*** Opening Collected material ***

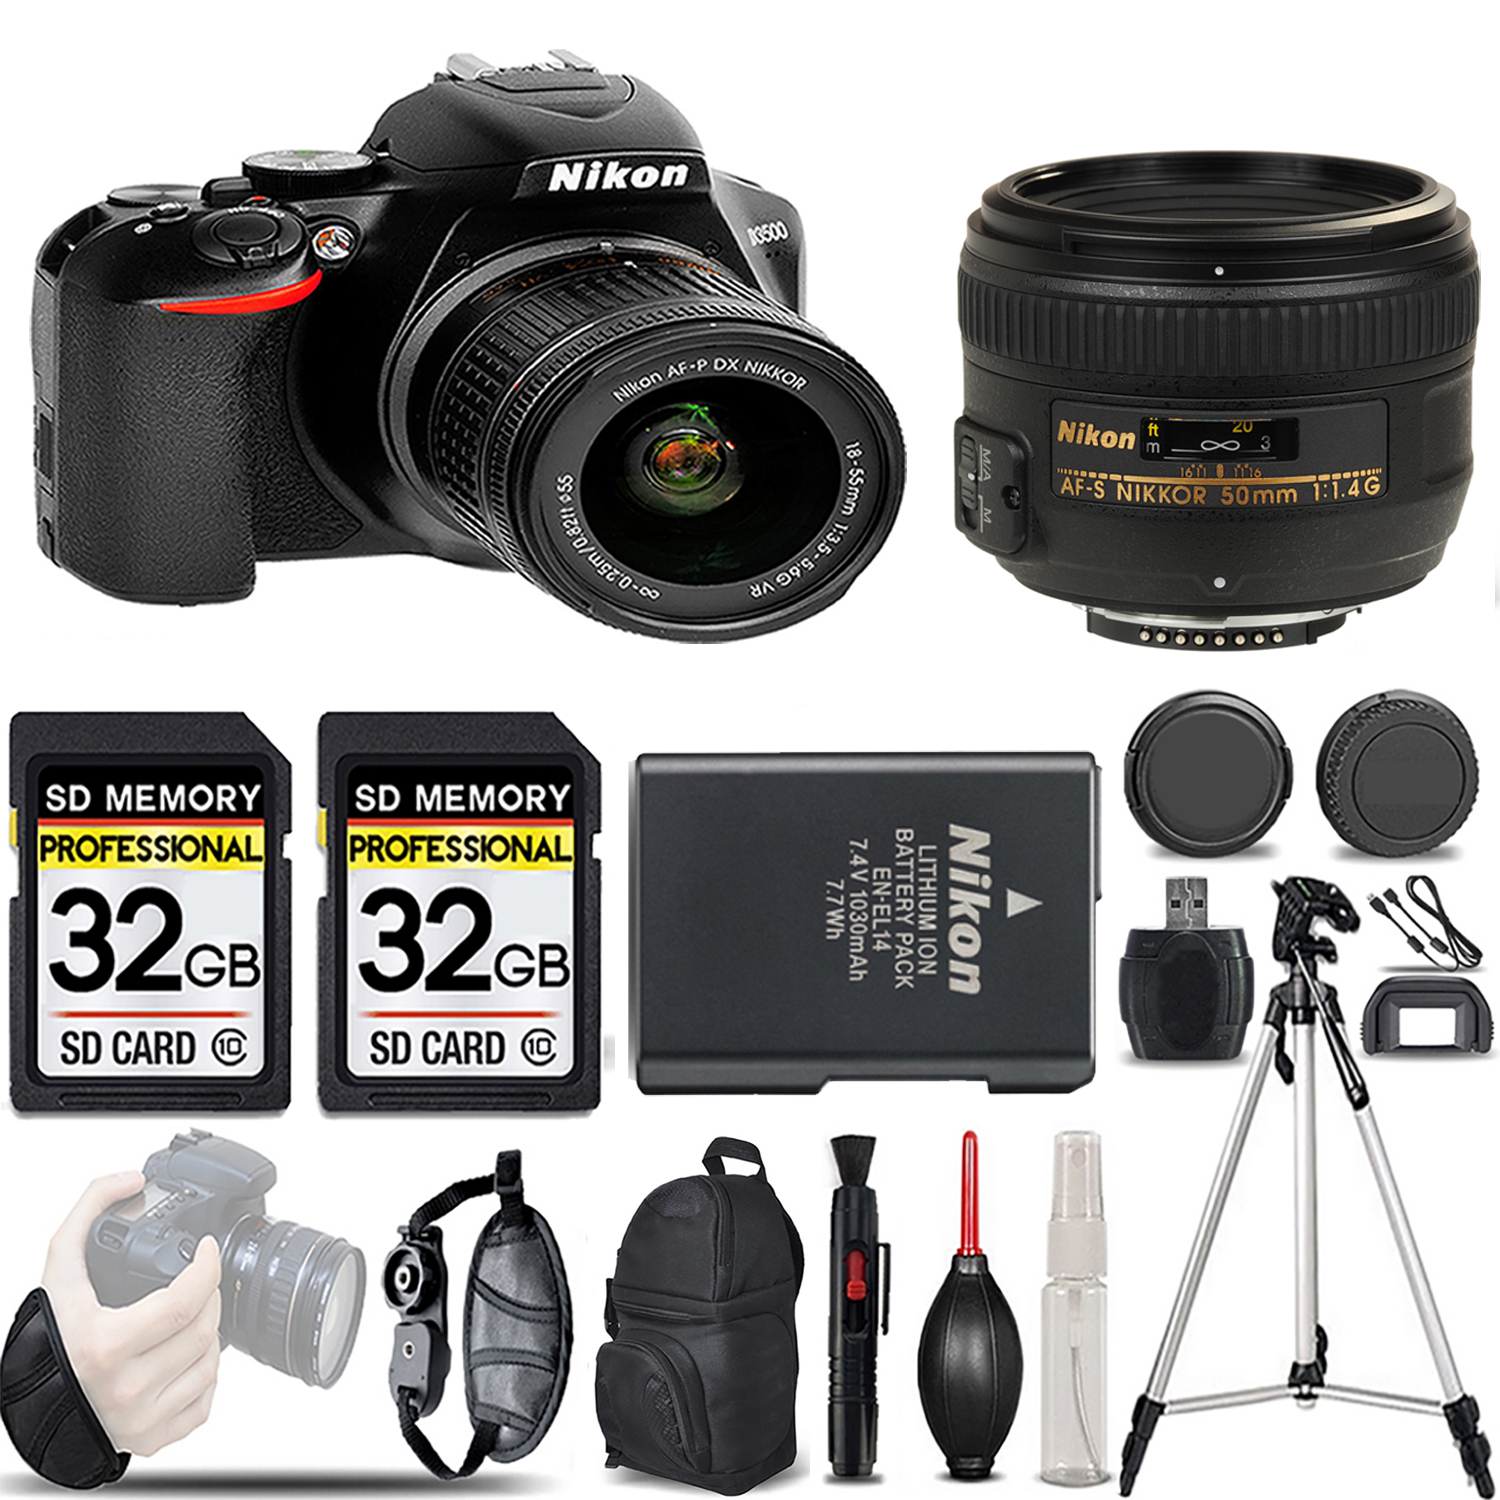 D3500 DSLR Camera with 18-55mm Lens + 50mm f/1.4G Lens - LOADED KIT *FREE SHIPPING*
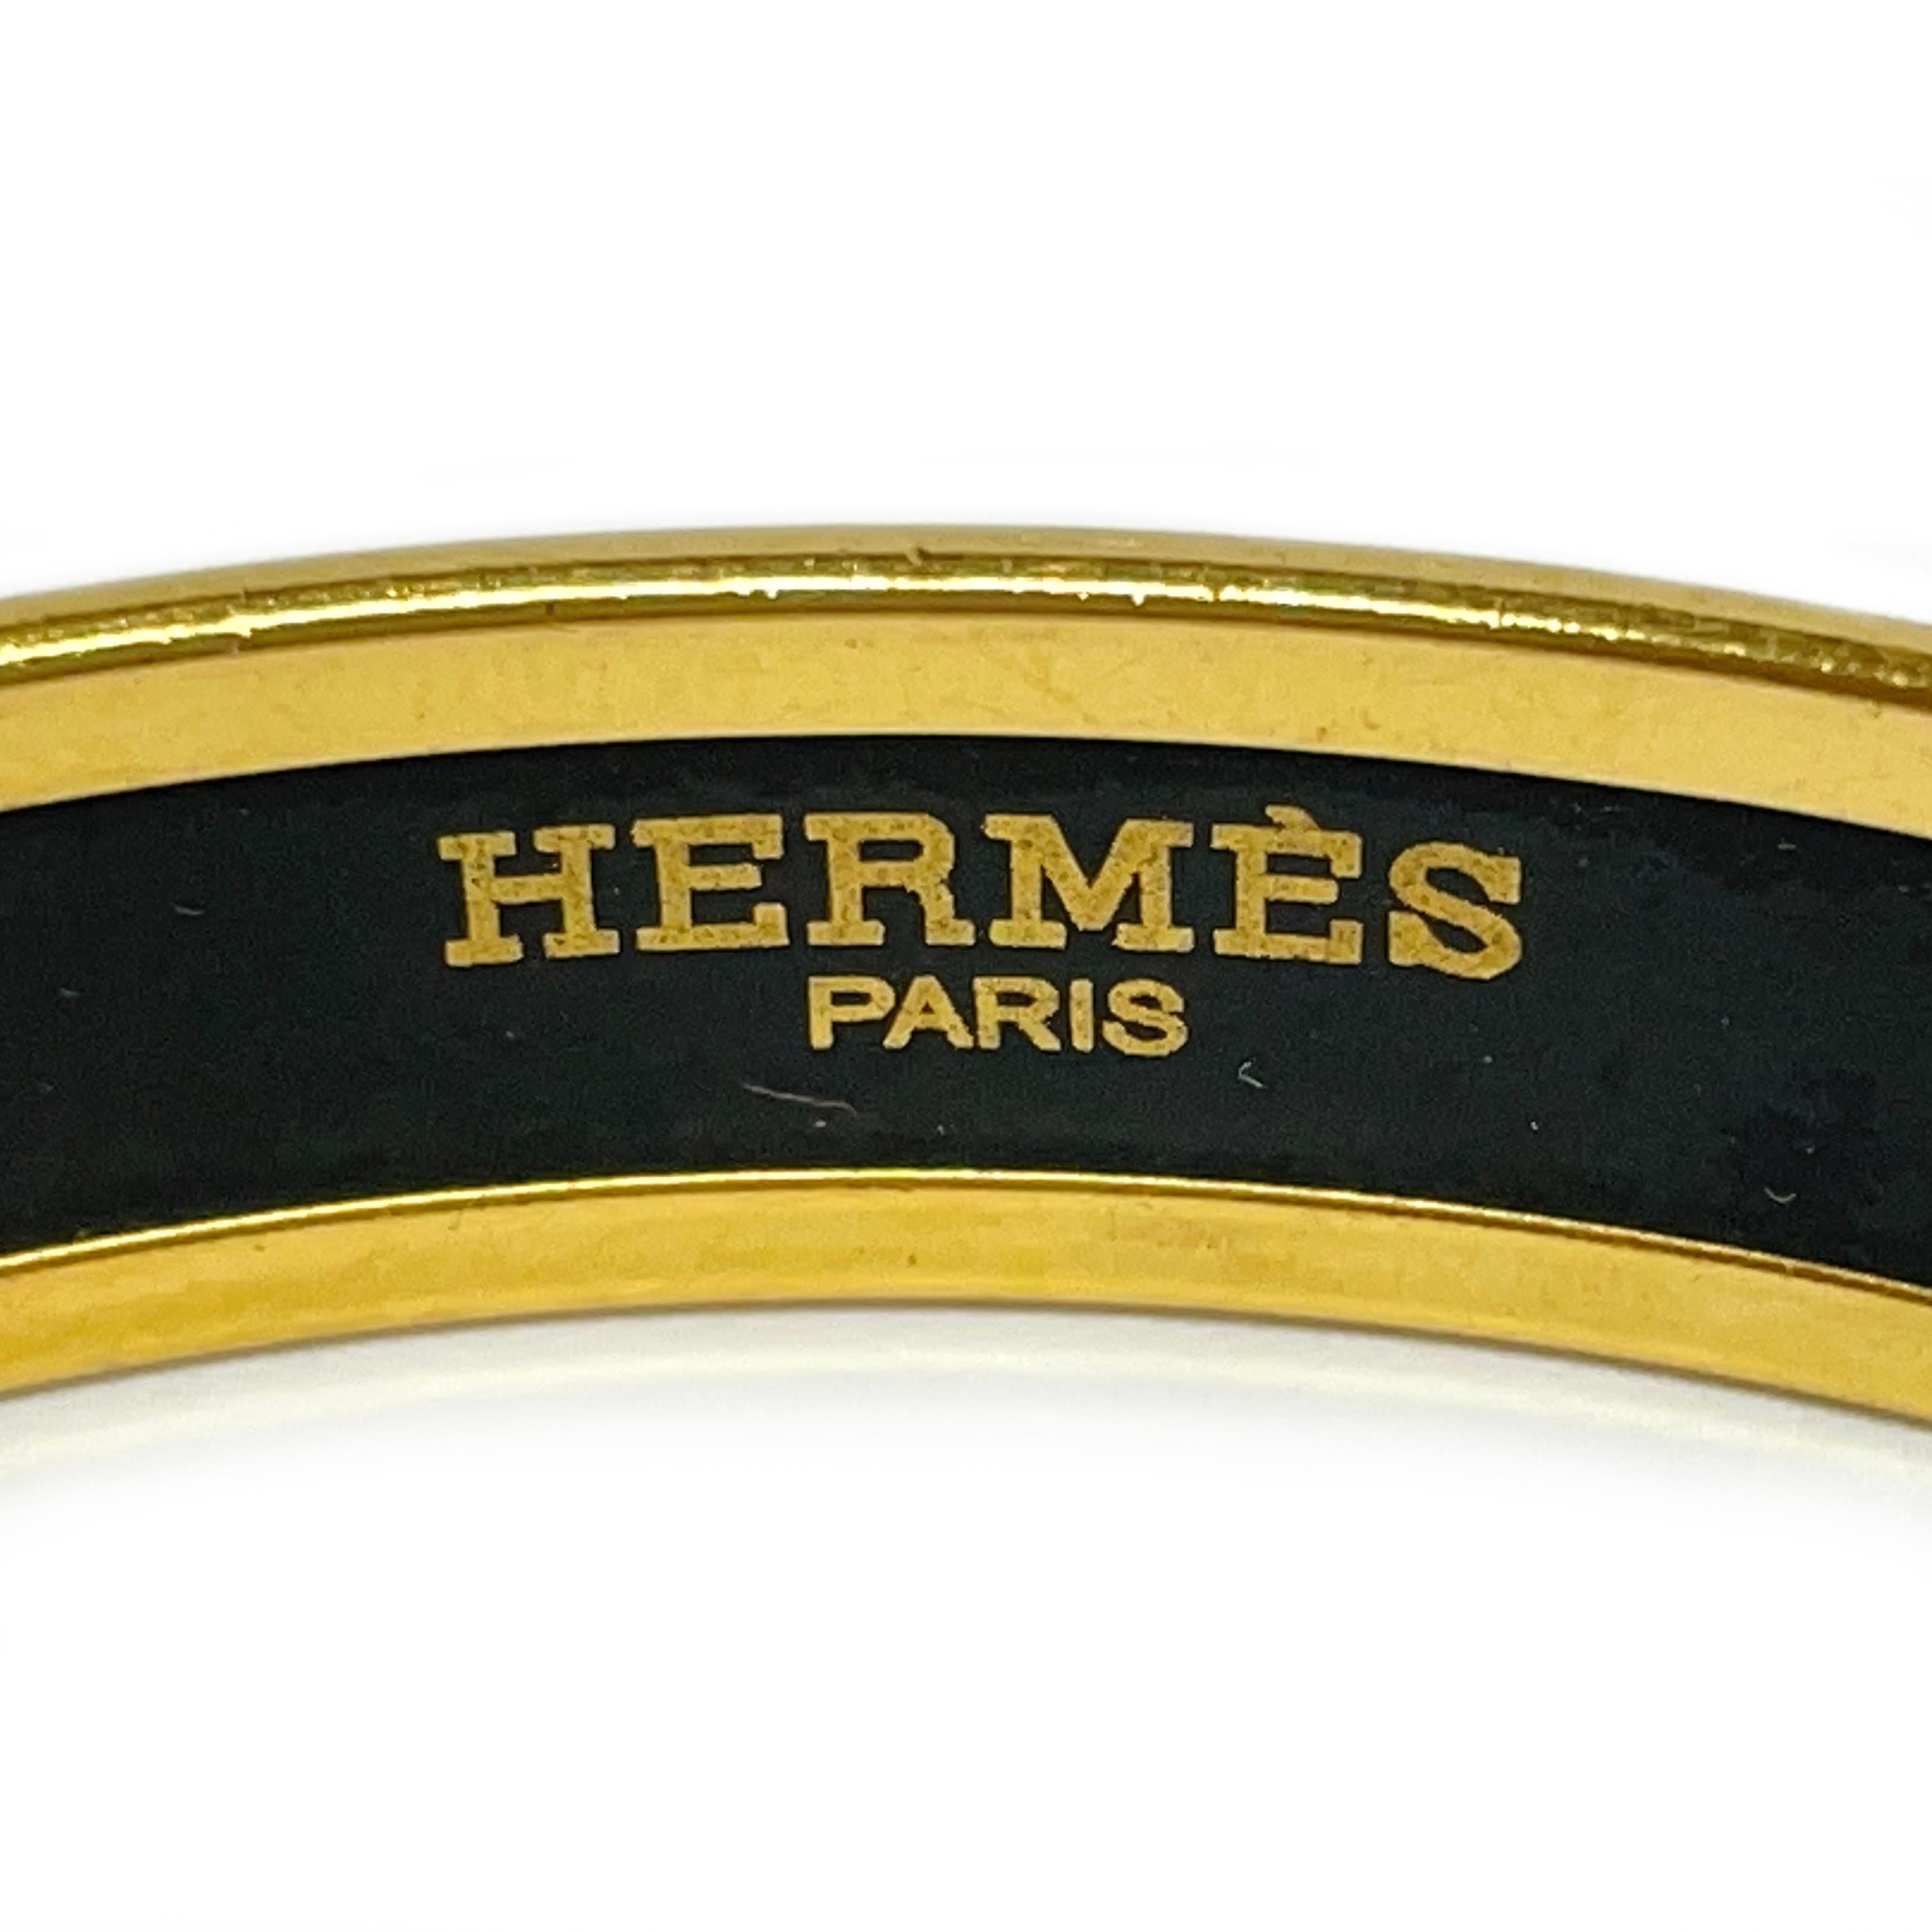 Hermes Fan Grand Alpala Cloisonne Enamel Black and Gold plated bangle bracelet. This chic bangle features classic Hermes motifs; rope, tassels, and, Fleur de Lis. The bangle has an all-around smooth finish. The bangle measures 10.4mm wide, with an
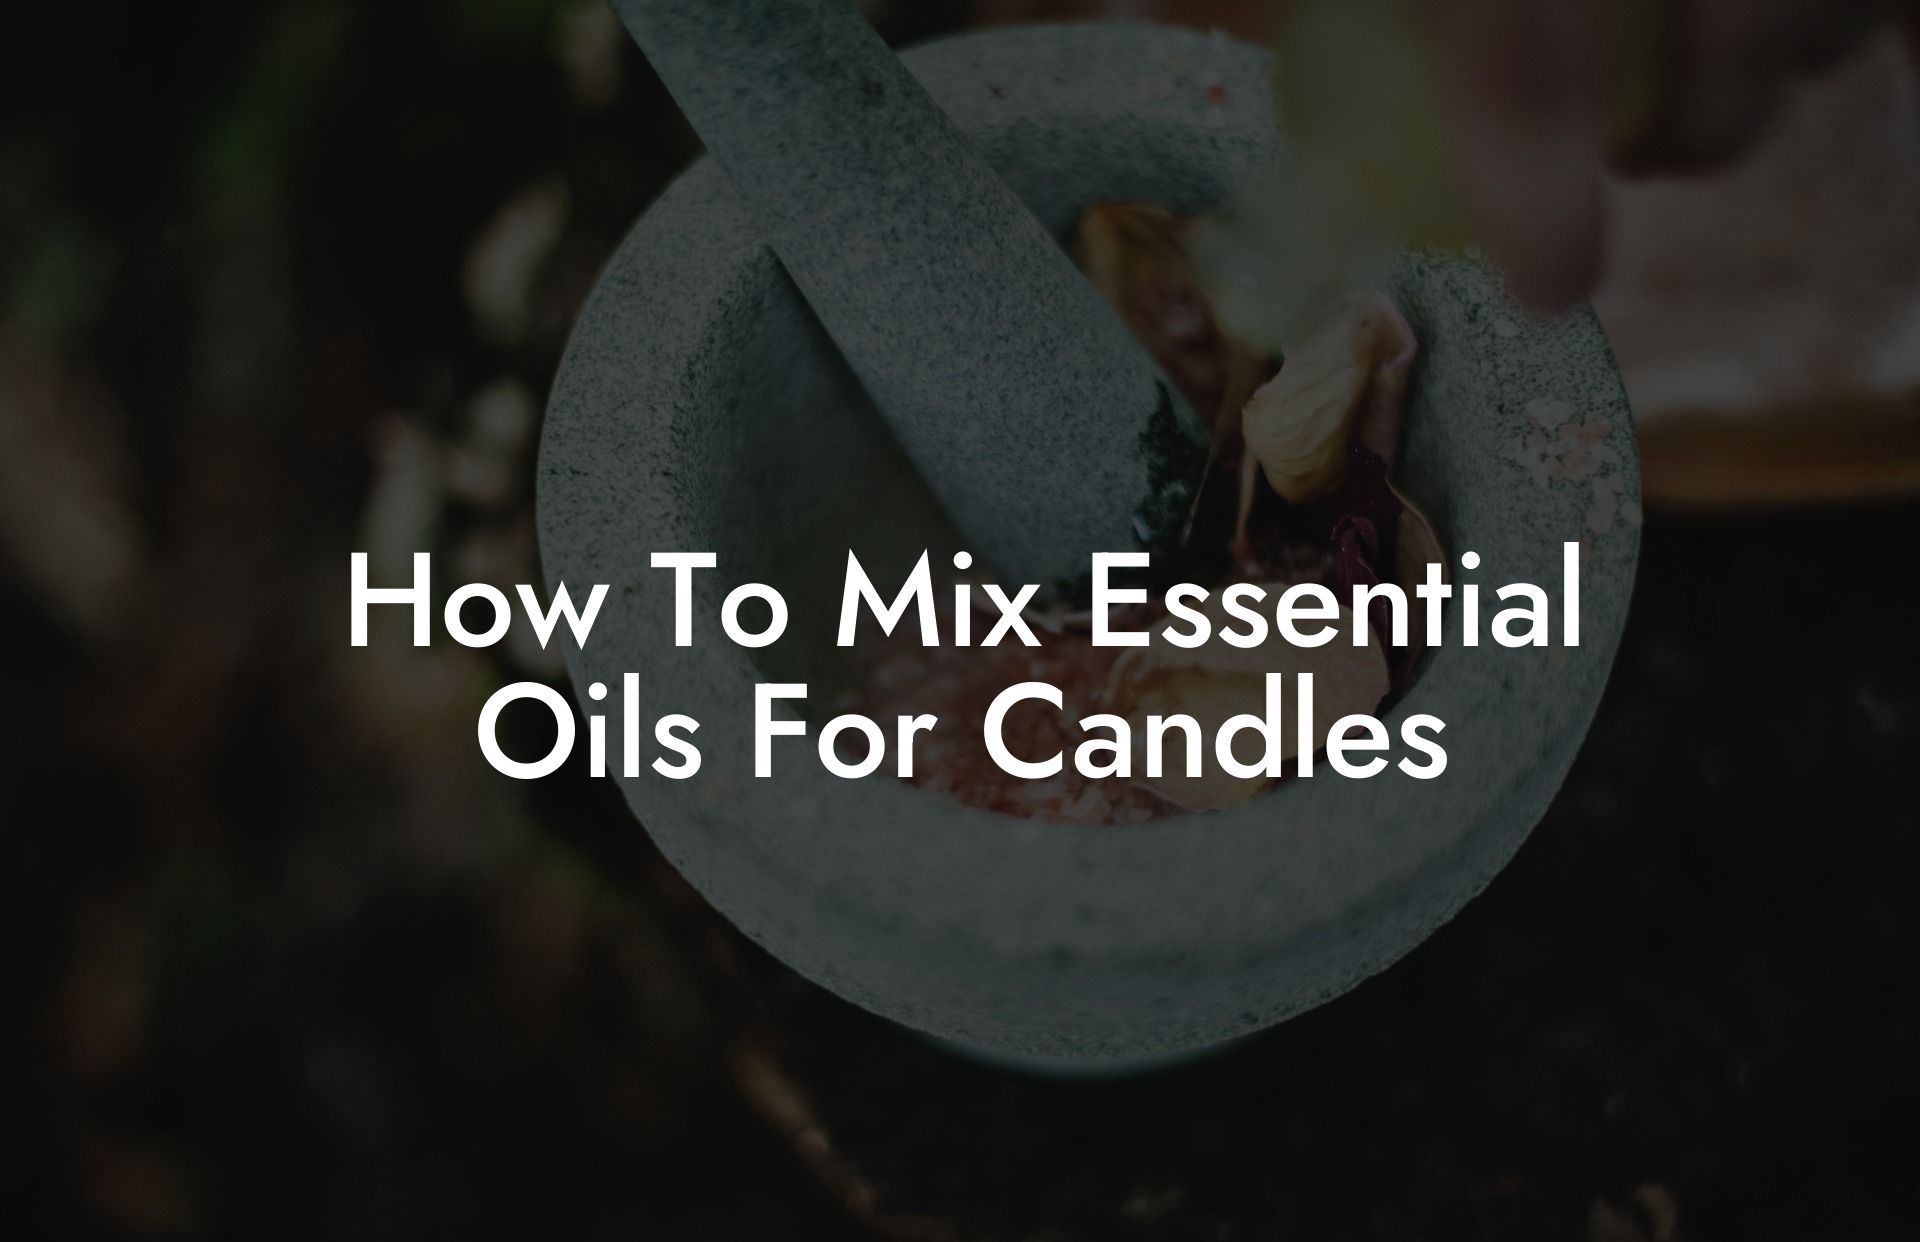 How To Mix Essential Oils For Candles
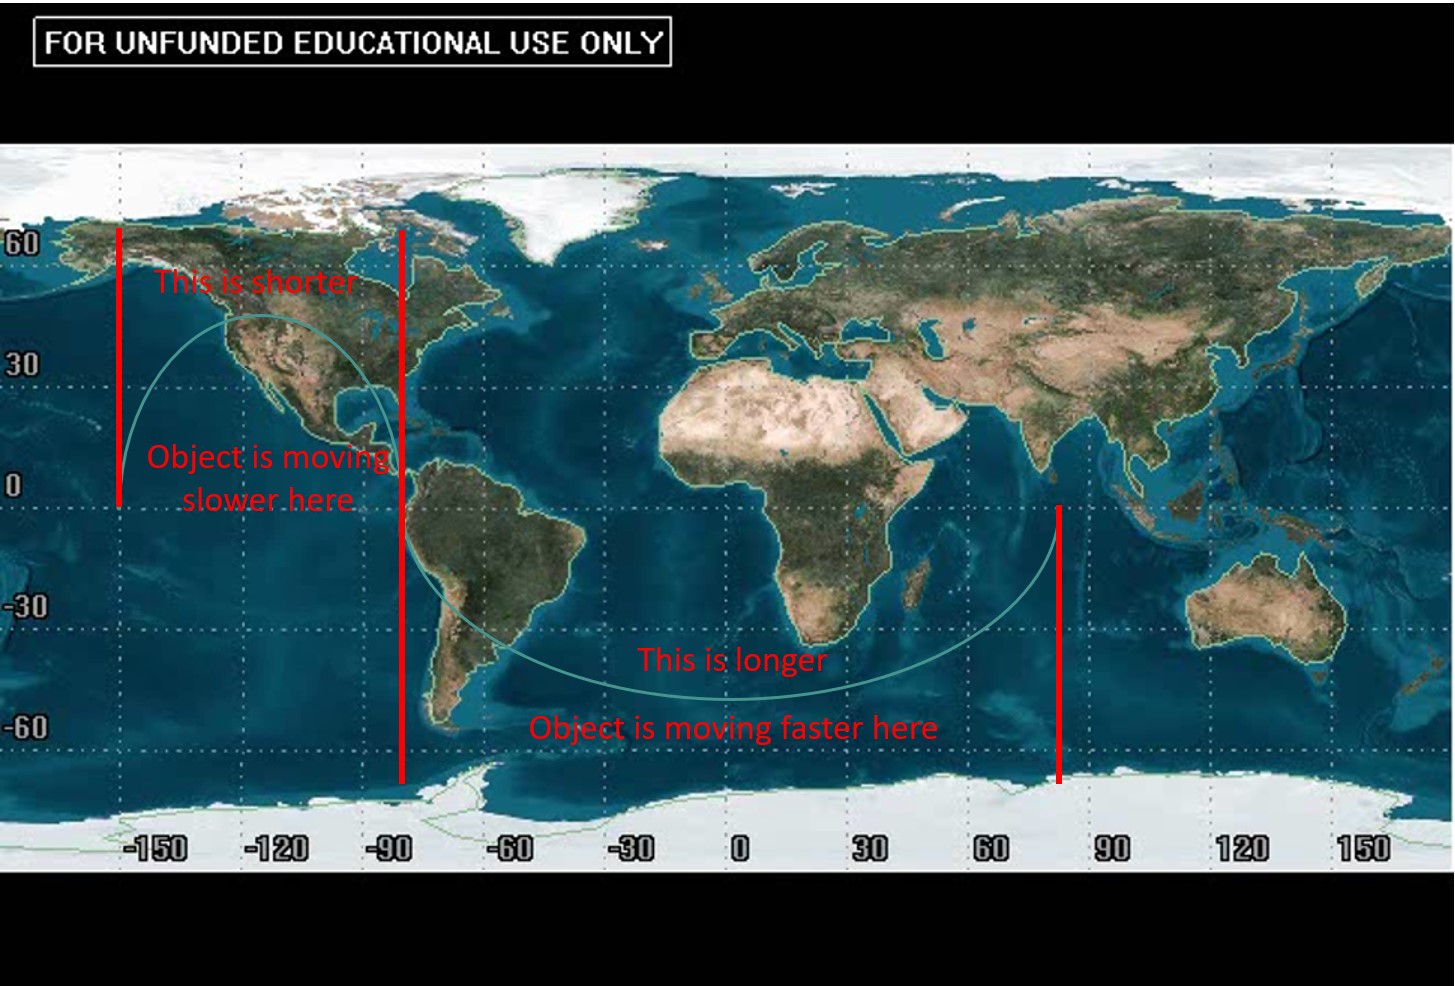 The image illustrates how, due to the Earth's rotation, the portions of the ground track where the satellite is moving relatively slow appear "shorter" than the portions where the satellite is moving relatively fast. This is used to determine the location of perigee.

*** Closing Collected material ***

■ Work order:
Everything from the line containing "How To Mix Essential Oils For Candles" through the last line of the listing above must be output exactly, except the pictures.

■ Reply to the task:
 How To Mix Essential Oils For Candles
 The image illustrates how, due to the Earth's rotation, the portions of the ground track where the satellite is moving relatively slow appear "shorter" than the portions where the satellite is moving relatively fast. This is used to determine the location of perigee.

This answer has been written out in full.